The drive electrode has an opening therein, and the pressure sensor is disposed in the opening and electrically connected to the corresponding drive electrode.
The chip substrate according to claim 9 or 11, further comprising a first processor configured to determine a position of the liquid droplet based on a voltage signal obtained by the pressure detecting element.
A digital microfluidic chip comprising the chip substrate according to any one of claims 1 to 12 and a second substrate disposed opposite to the chip substrate.

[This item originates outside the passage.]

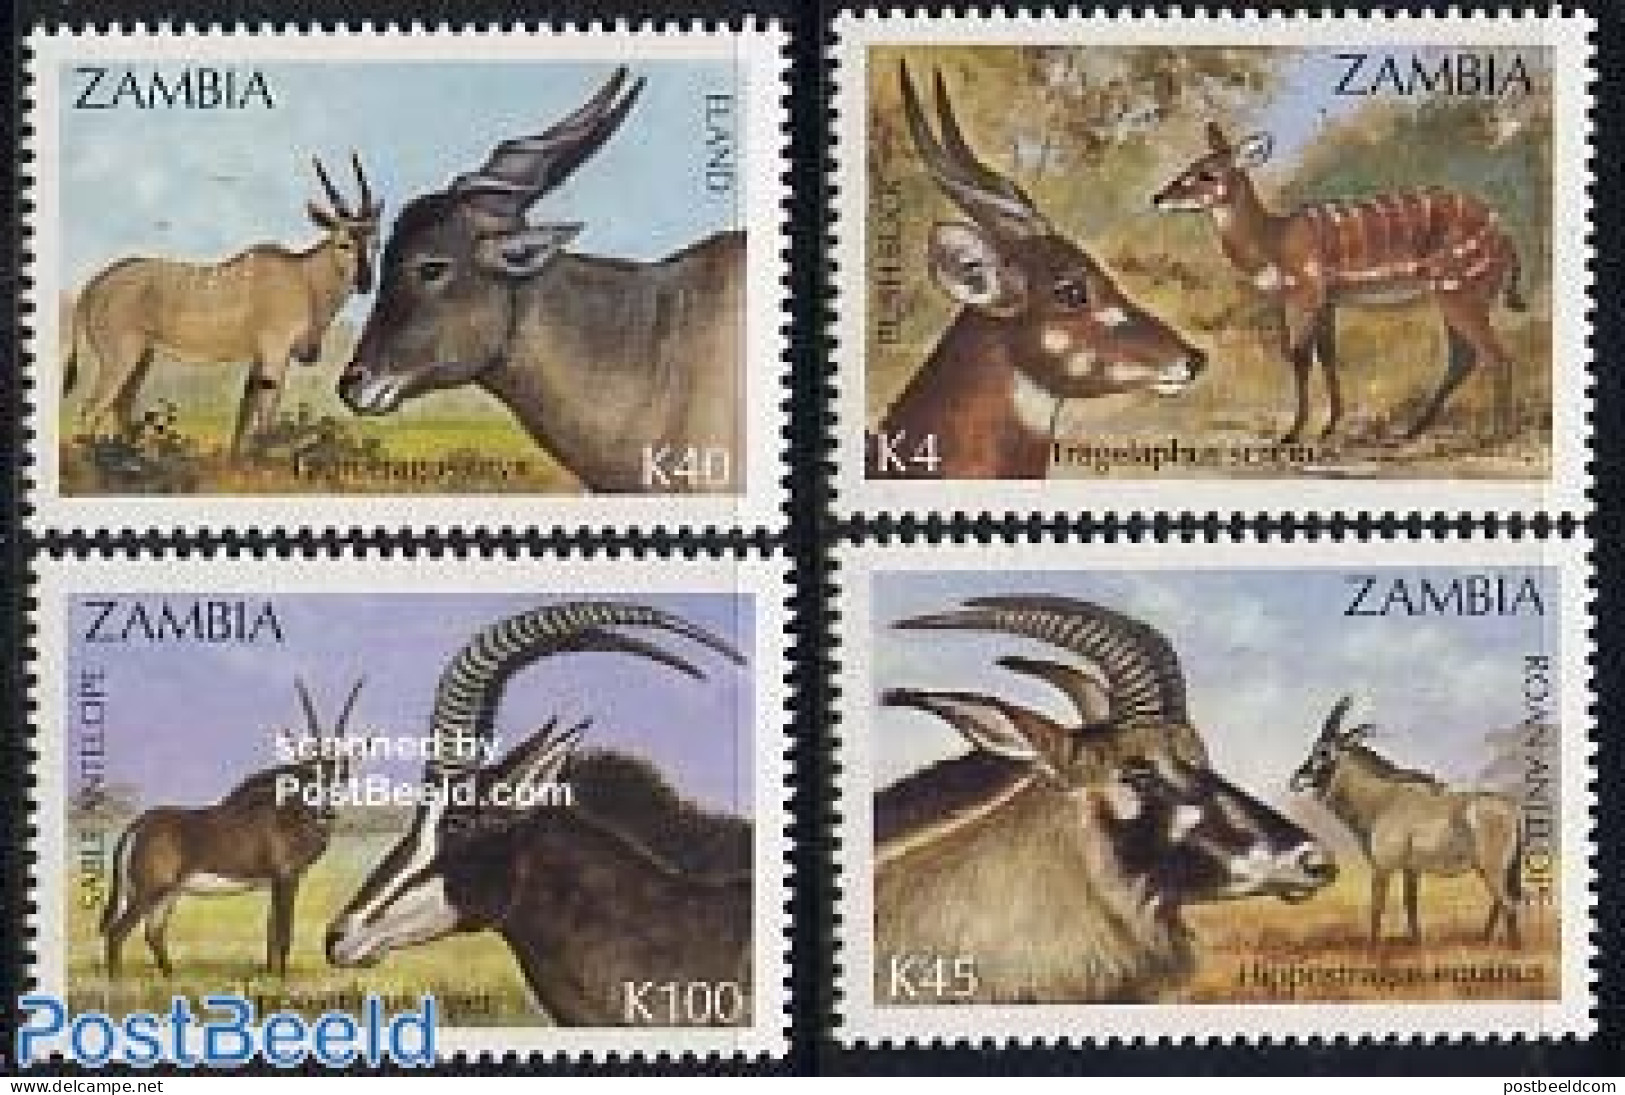 Zambia 1992 Antelopes 4v, Mint NH, Nature - Animals (others & Mixed) - Zambie (1965-...)

The drive electrode drives the droplet movement based on a control voltage applied between a drive electrode in the chip substrate and a reference electrode in the second substrate.
The digital microfluidic chip according to claim 13, wherein the second substrate further comprises:

a second substrate disposed on the reference electrode;

a second dielectric layer disposed on a side of the reference electrode remote from the second substrate; and

a second hydrophobic layer disposed on a side of the second dielectric layer away from the second substrate.
The digital microfluidic chip according to claim 13, wherein the chip substrate further comprises a second processor configured to process a voltage signal obtained by the pressure detecting element to output The control voltage for driving the droplet movement in a corresponding control zone.
A method of manufacturing a chip substrate, comprising:

Forming a cavity on the substrate;

Forming a plurality of drive electrodes spaced apart from each other over the substrate to define a plurality of control regions;

Forming a force sensitive resistor in each control region above the substrate;

Forming a dielectric layer and a hydrophobic layer sequentially over the substrate,

Wherein, the driving electrode and the force sensitive resistor are located in the same layer, and the driving electrodes and the force sensitive resistors in the same control region are electrically connected.